Imieniny: Adelii, Klemensa, Felicyty

Wydarzenia: Dzień Licealisty

Nauczanie

 fot. Michał Henkel

„Chwalcie Pana, bo jest dobry,

bo Jego miłosierdzie trwa na wieki” (Ps 135,1).

Chciałbym złożyć życzenia dobrych Świąt Wielkanocnych wam wszystkim, którzy przybyliście na ten plac z Rzymu i z różnych krajów, jak też tym, którzy łączą się z nami za pośrednictwem telewizji, radia i innych środków przekazu.

 

Drodzy Bracia i Siostry, dobrych Świąt Wielkanocnych!

Jezus Chrystus, będąc wcieleniem miłosierdzia Bożego, z miłości umarł na krzyżu i zmartwychwstał ze względu na miłość. Dlatego dziś głosimy: Jezus jest Panem!

Jego zmartwychwstanie całkowicie wypełnia proroctwo psalmu: miłosierdzie Boga jest wieczne, a Jego miłość jest na zawsze, nigdy nie umiera. Jemu możemy całkowicie zaufać i dziękujemy Mu, bo dla nas zstąpił aż do głębi otchłani.

Wobec duchowych i moralnych otchłani ludzkości, wobec pustek, które otwierają się w sercach, powodując nienawiść i śmierć, tylko nieskończone miłosierdzie może nam dać zbawienie. Tylko Bóg może wypełnić swoją miłością te pustki, te otchłanie i pozwolić nam nie spaść w przepaść, ale iść nadal razem w kierunku Ziemi wolności i życia.
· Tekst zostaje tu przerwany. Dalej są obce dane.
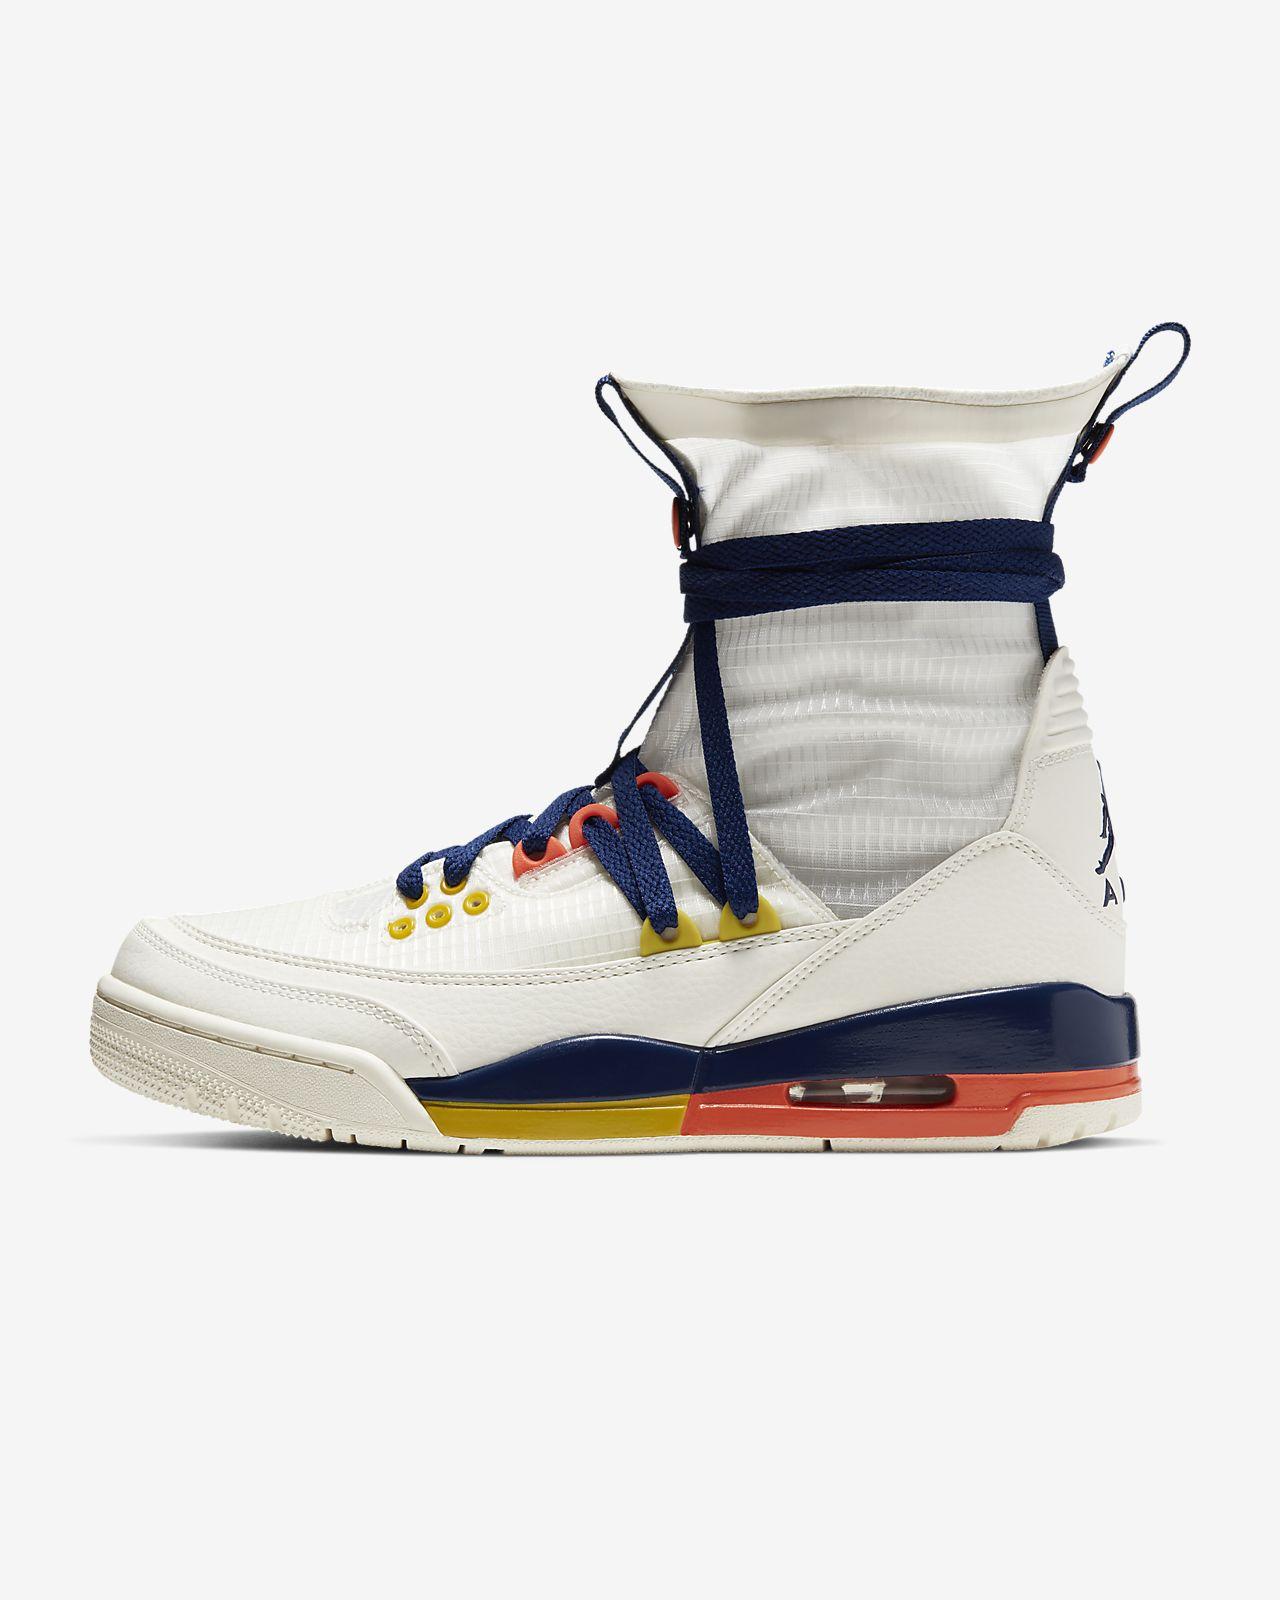 815e19501791 Chaussure Air Jordan 3 Retro Explorer Lite XX pour Femme. Nike.com BE

Radosne orędzie paschalne, że Jezusa, ukrzyżowanego, nie ma już tutaj, ale zmartwychwstał (por. Mt 28,5-6), daje nam pocieszającą pewność, że otchłań śmierci została przekroczona, a wraz z nią zostały pokonane żałoba, krzyk i trud (por. Ap 21,4). Pan, który doświadczył opuszczenia przez swoich uczniów, ciężaru niesprawiedliwego wyroku i wstydu haniebnej śmierci, daje nam teraz uczestnictwo w swoim nieśmiertelnym życiu i obdarza nas swoim spojrzeniem czułym i pełnym współczucia wobec głodnych i spragnionych, przybyszów i więźniów, usuniętych na margines i odrzuconych, ofiar nadużyć i przemocy. Świat jest pełen ludzi, którzy cierpią na ciele i duchu, podczas gdy codzienne doniesienia pełne są wiadomości o brutalnych zbrodniach, które nierzadko mają miejsce w domach, oraz o zbrojnych konfliktach na dużą skalę, które wystawiają całe narody na  niewypowiedziane próby.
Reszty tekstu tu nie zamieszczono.